2.4 Xenolith Information

[15] For petrological characterization of the lithosphere at 100 km, we take as representative end-members xenolith information from two kimberlite fields, (1) the Jagersfontein field in the eastern Witwatersrand Block of the Kaapvaal Craton and (2) the Gibeon field in central Namibia on the Rehoboth Terrane, the former being depleted and the latter fertile. The xenoliths are discussed in detail in Jones et al. [2012]; we pick two representative low-temperature, garnet lherzolite xenoliths from each kimberlite field that yield depths close to 100 km. Their modal compositions are listed in Table 3, as well as their in situ temperature estimates. Group I kimberlites of the Kaapvaal Craton and neighboring mobile belts erupted in the period 105–70 Ma [Kobussen et al., 2009]. Subsequent thermal relaxation since eruption will result in colder conditions than those indicated by the xenolith samples, and thermal arguments suggest a present-day temperature of around 740°C beneath the Witwatersrand Basin in the center of the Kaapvaal Craton [Jones, 1988]. The present-day geotherm beneath the Rehoboth Terrane is known to be higher than beneath the Kaapvaal Craton [Muller et al., 2009], consistent with the conditions at kimberlite eruption. Therefore, we adjust the xenolith-determined temperatures downwards by 50°C to give estimates of present-day temperatures of 740°C and 850°C at 100 km beneath Jagersfontein and Gibeon, respectively. A temperature decrease of 50°C, keeping all other petroparameters constant, increases velocity by 0.02–0.03 km/s and reduces conductivity by 0.3–0.4 log units for dry conditions and 0.2 log units for wet conditions (see below for discussion and definition of wet conditions).

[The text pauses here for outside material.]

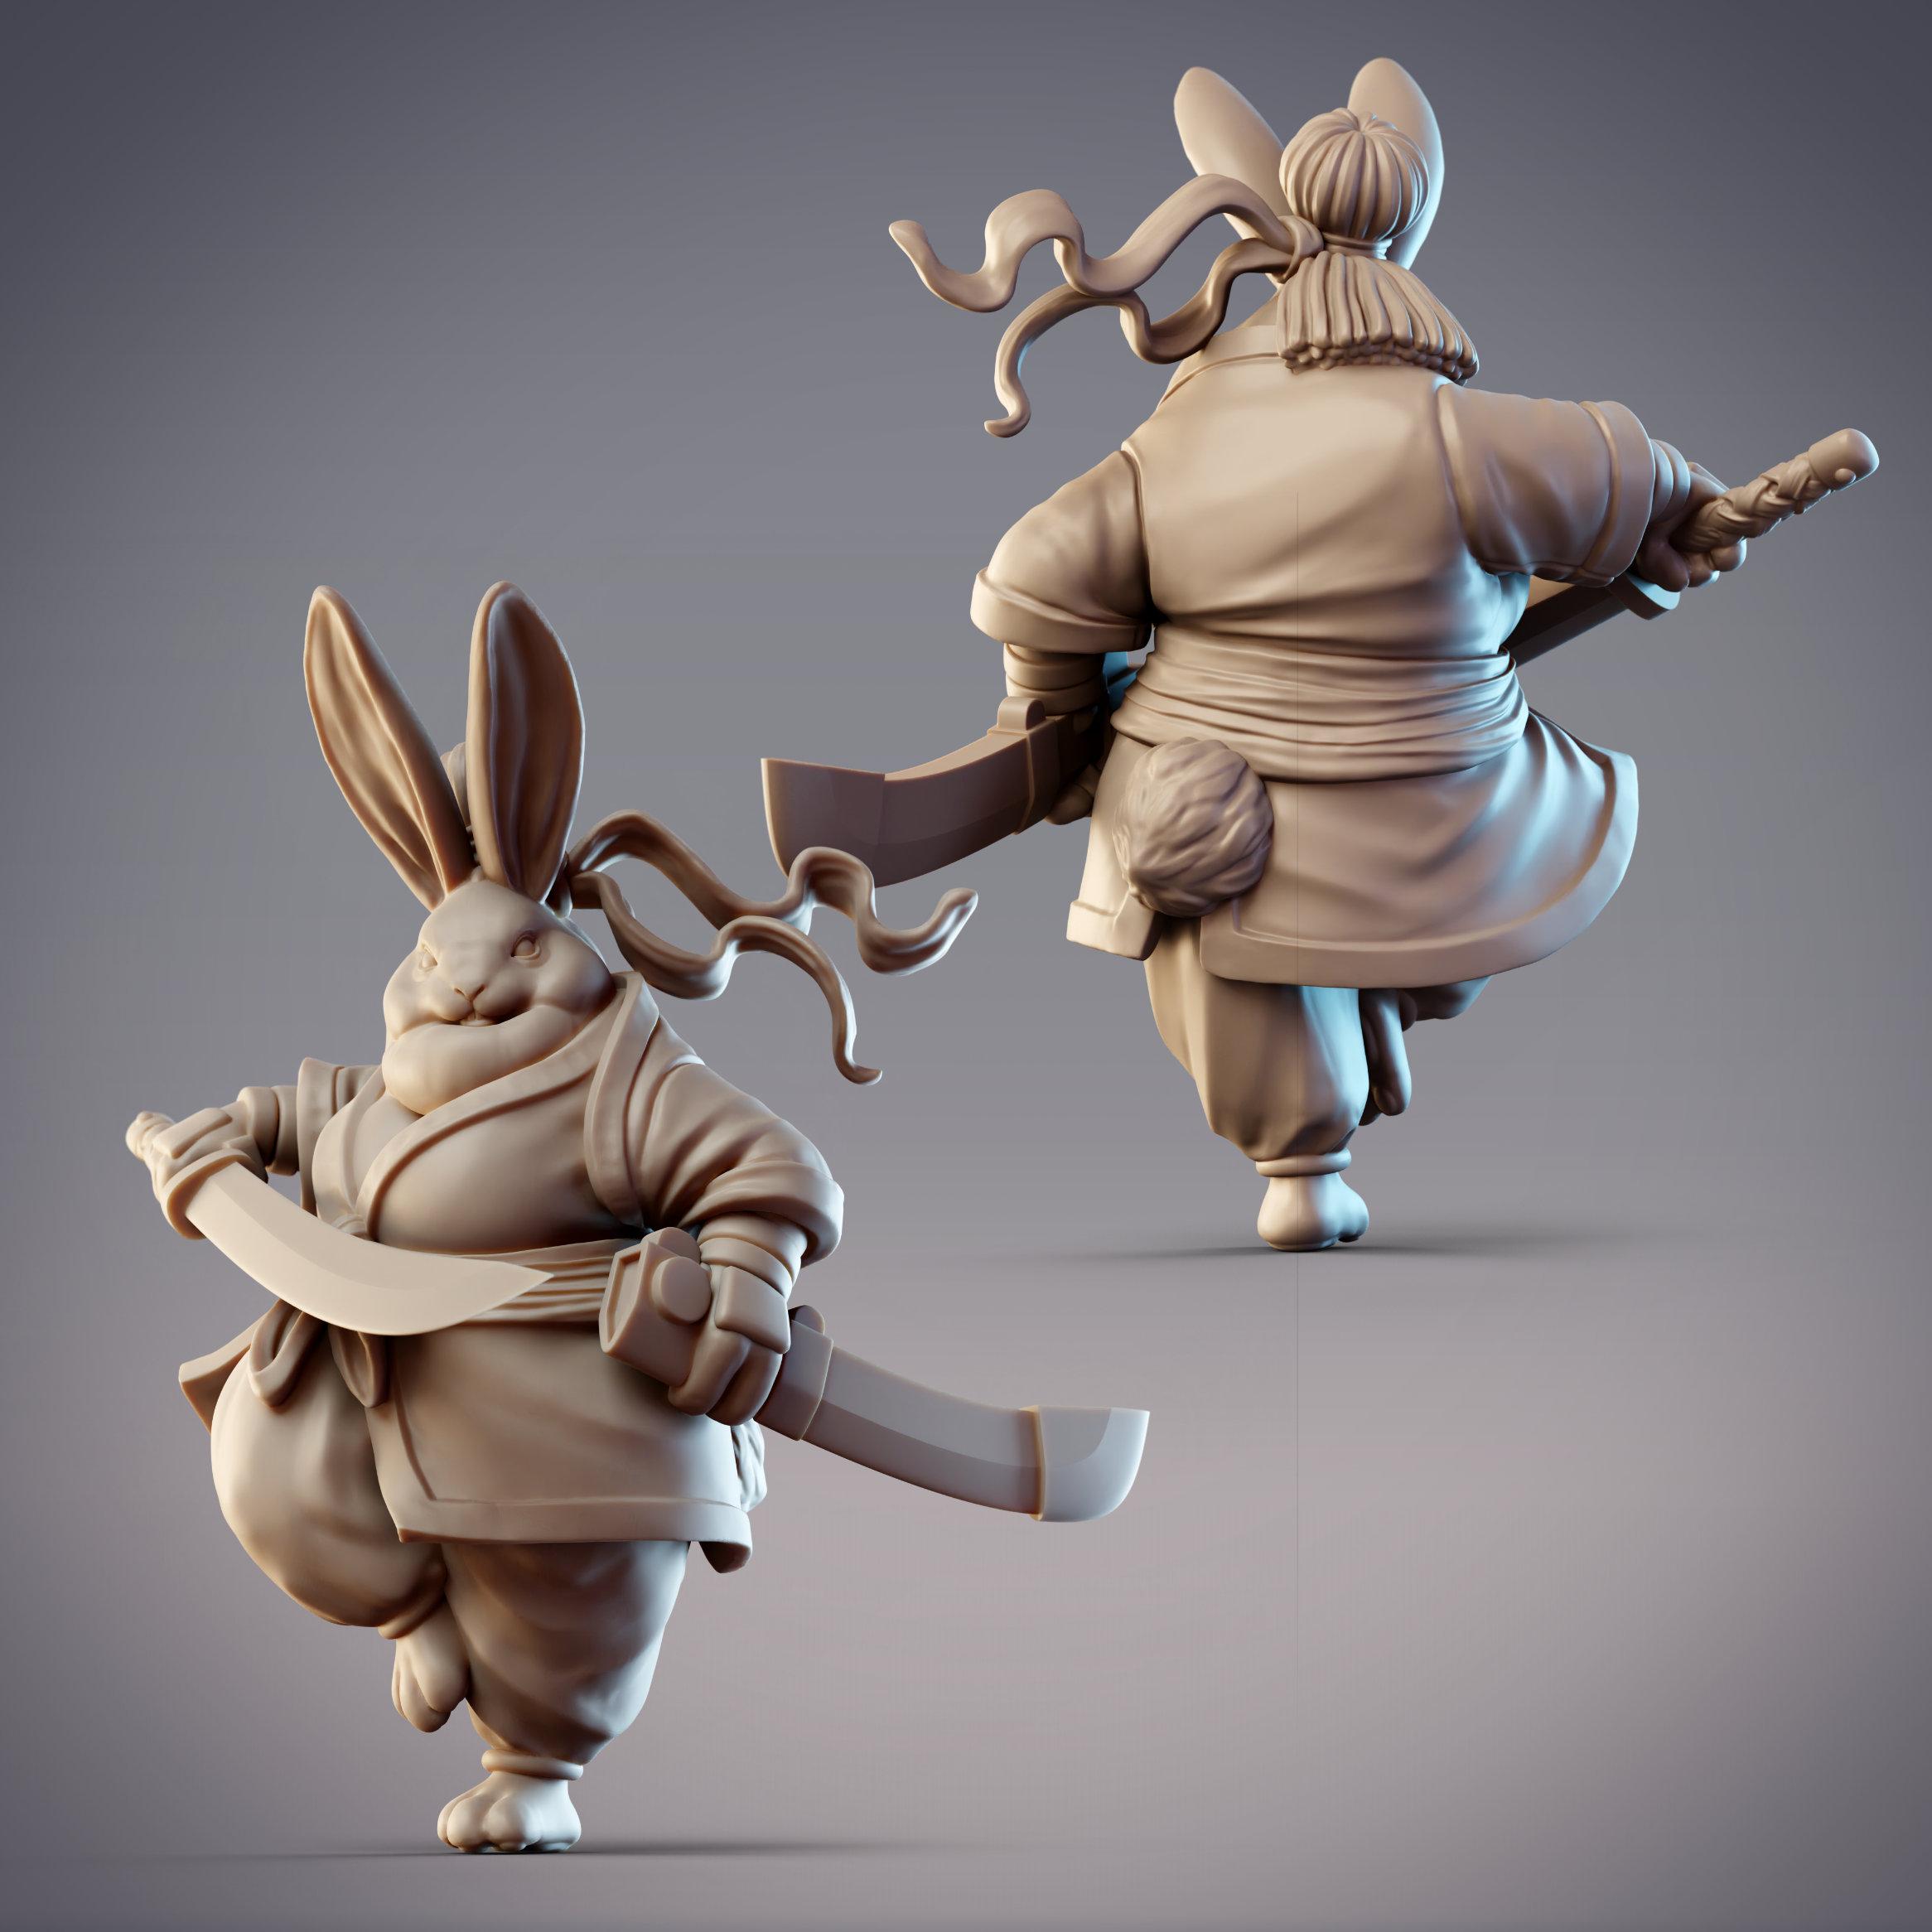 Rabbitfolk Warrior - Indigo Jade, Guanghan Swordswoman (Pre-Supported) 3d model

Table 3. Mg#, Modal Composition, and Petrologically Determined Pressures and Temperatures (at Eruption Age) of Four Xenoliths from the Jagersfontein (FRB samples) and Gibeon (KGG samples) Kimberlite Fields (Taken from James et al. [2004]), Plus Locality Averages (in bold)
SampleMg# (Ol, Opx, Cpx)Ol (%)Opx (%)Cpx (%)Gt (%)Sp (%)P (kbar)T (°C)D (km)
FRB98393.268.7224.504.240.910.3230.576098
FRB100793.270.2823.842.561.790.3233.1804106
FRB AV93.269.5024.173.401.350.3231.8782102
KGG0691.19731198033.2926108
KGG6592.30761247033.5872109
KGG AV91.7574.511.56.57.5033.35899108.5

2.5 Water Content in Cratonic Mantle Minerals

[16] The water content in cratonic nominally anhydrous minerals is becoming better known and understood since the pioneering laboratory experiments by Bai and Kohlstedt [1992]. It is now thought that the mantle could host as much as one to five times the water content of the hydrosphere [Bell and Rossman, 1992; Ingrin and Skogby, 2000] and has played, and continues to play, a governing role in Earth's tectonic processes [Hirschmann and Kohlstedt, 2012].

[17] The most comprehensive recent compilation of the water content in olivine for the Kaapvaal Craton is that of Peslier et al. [2010], reproduced in Figure 1, who present water contents in the range 40–85 ppm (Bell calibration) for various locations on the Kaapvaal Craton at depths of the order of 100 km, based on their own work plus the prior work of Kurosawa et al. [1997] and Grant et al. [2007]. Added to Figure 1 (solid squares) are the recently published data of Baptiste et al. [2012], exhibiting water contents of up to 154 ppm for a sample from Kimberley and the olivine megacryst data from kimberlitic magmas (see Baptiste et al. [2012] for further details and references). Given the data of Figure 1, it is reasonable to assume water content in olivine of the order of 50–200 wt ppm at around 100 km depth beneath Jagersfontein. Although not relevant for this paper, note the remarkable very strong decrease in water content in olivine with increasing pressure (depth), such that the lowermost lithospheric mantle comprises essentially dry olivine, consistent with models in which the longevity of cratonic lithosphere is achieved through a high viscosity resulting from a dry composition [Peslier et al., 2010].

Figure 1.

Water contents in olivine from various xenolith localities on the Kaapvaal Craton; circles: Lesotho; diamonds: Jagersfontein; triangles: Kimberley; diamonds: Finsch. Reproduced from Peslier et al. [2010]. Added to the figure are the data from Baptiste et al. [2012] from Kimberley, Jagersfontein, Finch, Premier, and Mothae (solid plus signs), plus the olivine megacrysts in kimberlitic magmas [see Baptiste et al., 2012, for detailed information].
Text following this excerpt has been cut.